Second, webhooks are ephemeral. They are too easy to mishandle or lose. If you realize after deploying a code change that you fat-fingered a JSON field and are inserting nulls into your database, there is no way to play the webhooks back. Or, you might handle part of the webhook processing pipeline out-of-band with the webhook request – like the database insert. But then you risk that failing and you losing the webhook.

To mitigate both of these issues, many developers end up buffering webhooks onto a message bus system like Kafka, which feels like a cumbersome compromise.

Consider the architecture for a sophisticated webhook pipeline between two parties:

We have two message buses, one on the sending end and one on the receiving end. The complexity is apparent and the stages where things can go wrong are many. For example: On the receiving end, even if your system is tight you're still subject to sender deliverability failure. If the sender's queue starts to experience back-pressure, webhook events will be delayed, and it may be very difficult for you to know that this slippage is occurring.

Adding to the complexity, the security layer between the two is usually some HTTP request signing protocol, like HMAC. This is robust and alleviates managing a secret. But it's also far less familiar to your average developer and therefore more prone to headache and error. (HTTP request signing and verification is one of those tasks I feel one does just infrequently enough to never fully commit to memory.)

So, not only do webhooks leave you open to eventual inconsistency, they're also a lot more work for everybody.
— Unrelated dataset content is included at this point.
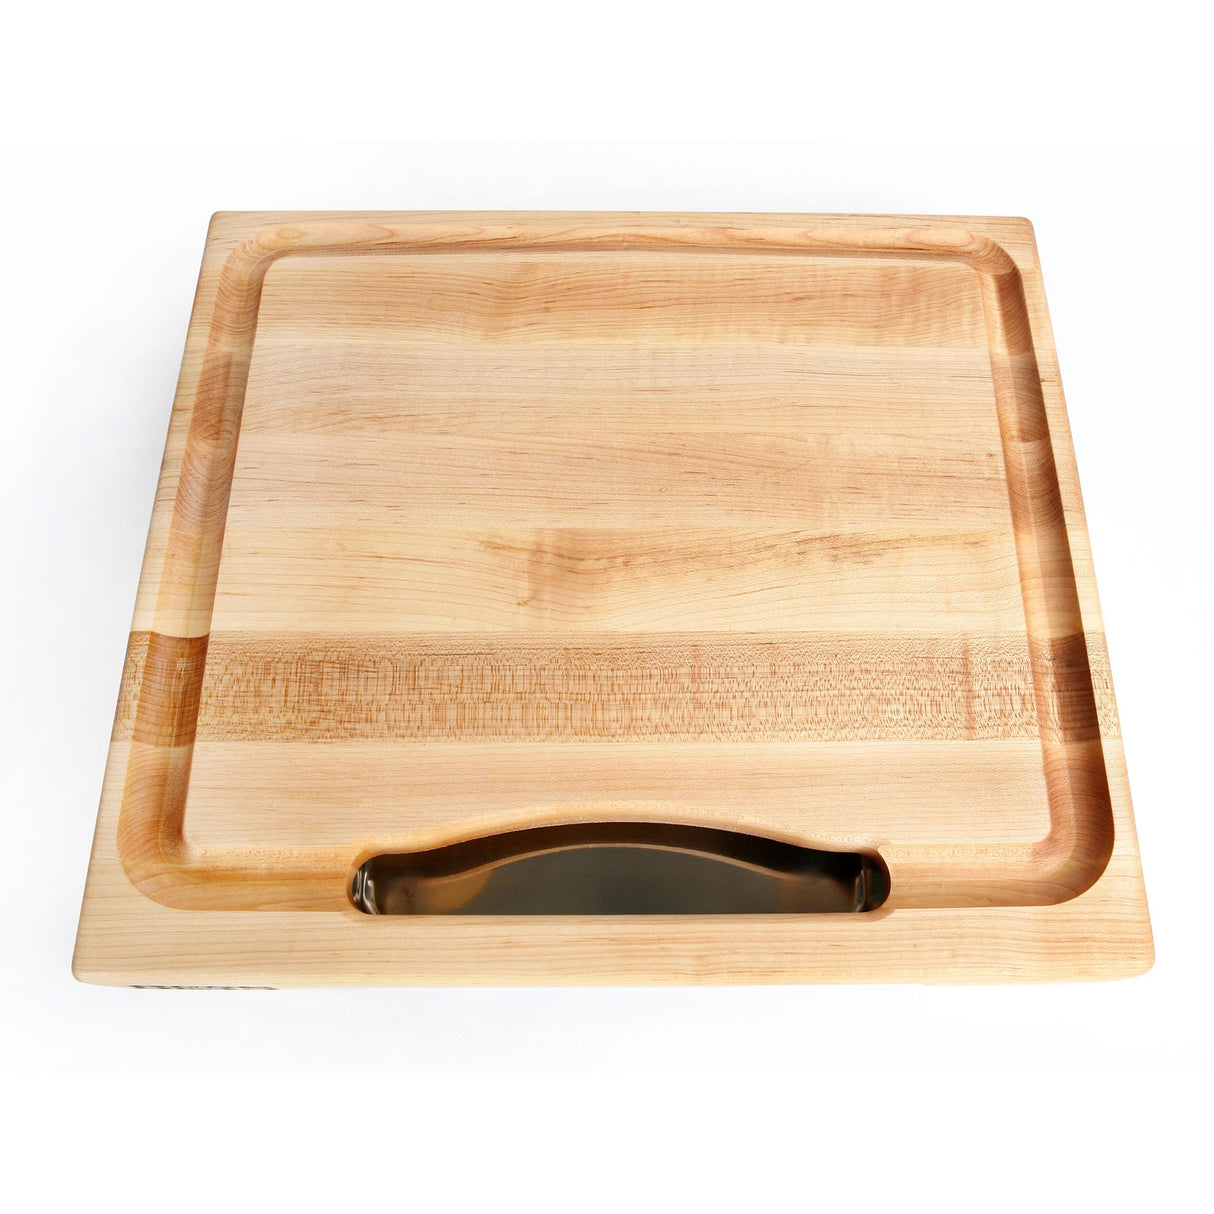 John Boos PM1514225-P Newton Prep Master Large Maple Wood Cutting Board for Kitchen, 15 Inches x 14 Inches, 2.25 Thick Reversible Edge Grain with Juice Groove & Stainless Pan 15X14X2.25 MPL-EDGE GR-PREP MASTER-

What else can we use to keep two systems in sync, then?

The `/events` endpoint

For inspiration on keeping two data sets in harmony, we need look no further than databases. Consider Postgres' replication slots: you create a replication slot for each follower database, and the followers subscribe to that replication slot for updates.

The two key components are:

The primary database keeps a log of everything that's changed recently and
The primary database keeps a cursor that tracks the position in the changelog for each follower database

If the follower goes down, when it comes back it can page through the history at its leisure. There is no queue, nor workers on each end trying to pass events along as a bucket brigade.

APIs can follow from this model as well. Take Stripe. They have an /events endpoint that contains all creates, updates, and deletes to a Stripe account over the last 30 days. Each event object contains the full payload of the entity that was acted upon. Here's an example of an event for a subscription object:

{
  "id": "evt_1J7rE6DXGuvRIWUJM7m6q5ds",
  "object": "event",
  "created": 1625012666,
  "data": {
    "object": {
      "id": "sub_JgFEscIjO0YEHN",
      "object": "subscription",
      "canceled_at": 1625012666,
      "customer": "cus_Jff7uEN4dVIeMQ",
      "items": {
        "object": "list",
        "data": [
          // ...
        ],
        "url": "/v1/subscription_items?subscription=sub_JgFEscIjO0YEHN"
      },
      "start_date": 1623826800,
      "status": "canceled",
    }
  },
  "type": "customer.subscription.deleted"
},

Some important qualities:

Each event has a type which tells us what this event is. In this case, we see that a customer's subscription has been deleted. Because the full subscription payload is included, we can update our database to reflect fields like canceled_at and its new status of canceled.
Every embedded object contains an object field, so we can easily extract and parse them.
The event object liberally embeds child objects, giving us a full view of everything that changed without needing to poll the API.

So, instead of listening to webhooks to keep things up-to-date, we can poll /events. We just need to keep a cursor locally, which we use in our requests to indicate to Stripe which events we've already seen.

The advantages:

If we go down, we don't have to worry about missing webhooks. And when we come back up, we can catch up at our own pace.
If we deploy a bug that mishandles events, no sweat. We can deploy a fix and rewind the cursor for /events, which will play them back.
No need for a message bus on our end.
We don't have to worry about Stripe's webhook senders delaying delivery. Speed is in our hands. The only thing between us and the freshest data is any caching at the API layer that Stripe is doing (which appears to be none.)
We're using a simple token-based authentication scheme.
The way we pull and process events looks the same as how we process any other endpoint. We can reuse a lot of the same API request/processing code.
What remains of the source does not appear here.